Наконец явился Гилл, но отца не было с ним.
— О, мать! — воскликнул он, полный отвращенья. — Лучше бы тебе не родиться, лучше бы тебе не быть моей матерью. Ах, почему боги не внушили тебе иной мысли! — Велико было раньше беспокойство царицы, но еще больше был теперь ее страх, когда она услышала такие слова сына.
— Дитя мое, — сказала она, — что ты увидел во мне злого?
— Я вернулся с Кенейскаго мыса, мать, — ответил ей сын с громким плачем, — ты погубила отца.
Мертвенно-бледной стала Деяянира, но собралась с силами и сказала:
— От кого узнал ты это, кто может меня обвинять в таком страшном грехе?
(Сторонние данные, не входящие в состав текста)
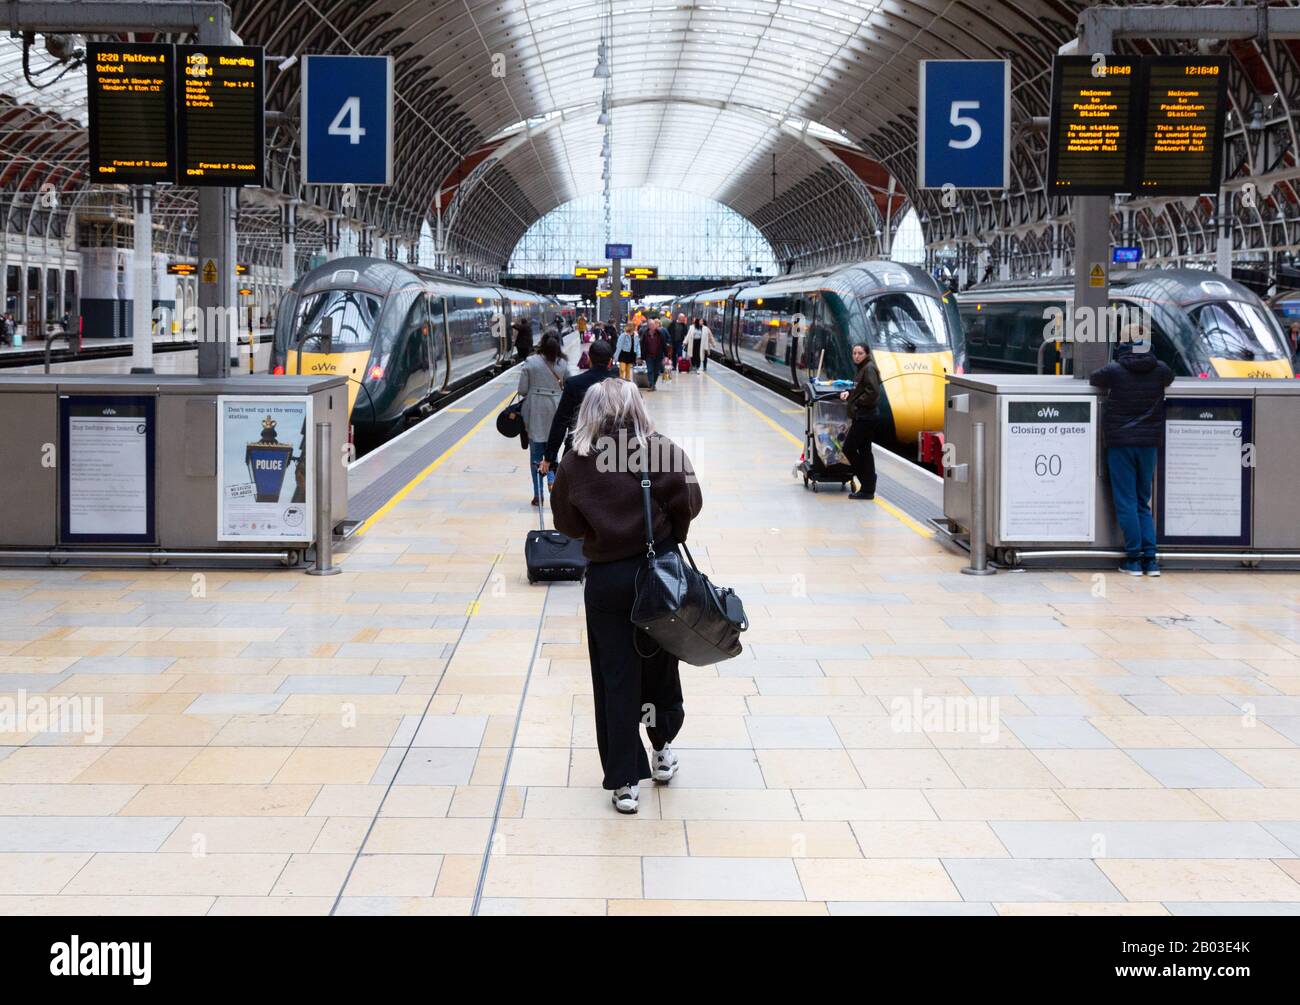 Bahnhof - Bahnreisende, die einen Zug fangen - Personen, die zum Bahnsteig und zu den Zügen laufen, Paddington Station, London UK Stockfoto

— Не чужие уста рассказали мне об этом — мои собственные глаза убедились в горестной доле отца. Я нашел его на Кенейском мысе. Там на многих алтарях уж хотел он принести жертву Зевсу-победителю. Но вот явился герольд Лихас, отцовский слуга, с твоим подарком, с проклятым, с зловещим платьем твоим. Послушный твоему веленью, он тотчас облекся в это нижнее платье и, так наряженный, стал приносить в жертву двенадцать величавых, прекрасных быков. Сперва, довольный твоим красивым подарком, радостный, он молился богам. Но вдруг, когда жертвенный огонь уж поднимался к небу, сквозь кожу его выступил горячий пот, словно припаянное, обняло его платье, и судорога свела и пронизала все существо его. Словно бы ехидна впилась и пожирала его тело, — крикнул несчастный страдалец, зовя невинного Лихаса, принесшего твое ядовитое платье; тот подошел и во второй раз, простодушный, передал твое приказание; отец же схватил его за ногу и бросил на морские утесы; разбитый, упал Лихас в воду и исчез, подняв облако брызг. Весь народ горевал при виде безумного поступка отца, но никто не смел приблизиться к разгневанному, обезумевшему герою. А он то корчился и извивался на земле, то снова вскакивал со страшным криком, и эхо скал и горных лесов подхватывало и повторяло его крик. Он проклял тебя и ваш брак, который привел его к смертным мукам. Наконец он обернулся ко мне и сказал: «Сын мой, если есть в тебе состраданье к отцу, возьми меня и немедля отплыви отсюда, чтобы не пришлось мне умереть на чужой земле». Услышав желанье его, мы налегли на весла, и среди криков от боли и судорог приехал он сюда; живым или мертвым, — ты сама его скоро увидишь. Это дело твоих рук, мать! Лучшего героя ты жестоко сразила!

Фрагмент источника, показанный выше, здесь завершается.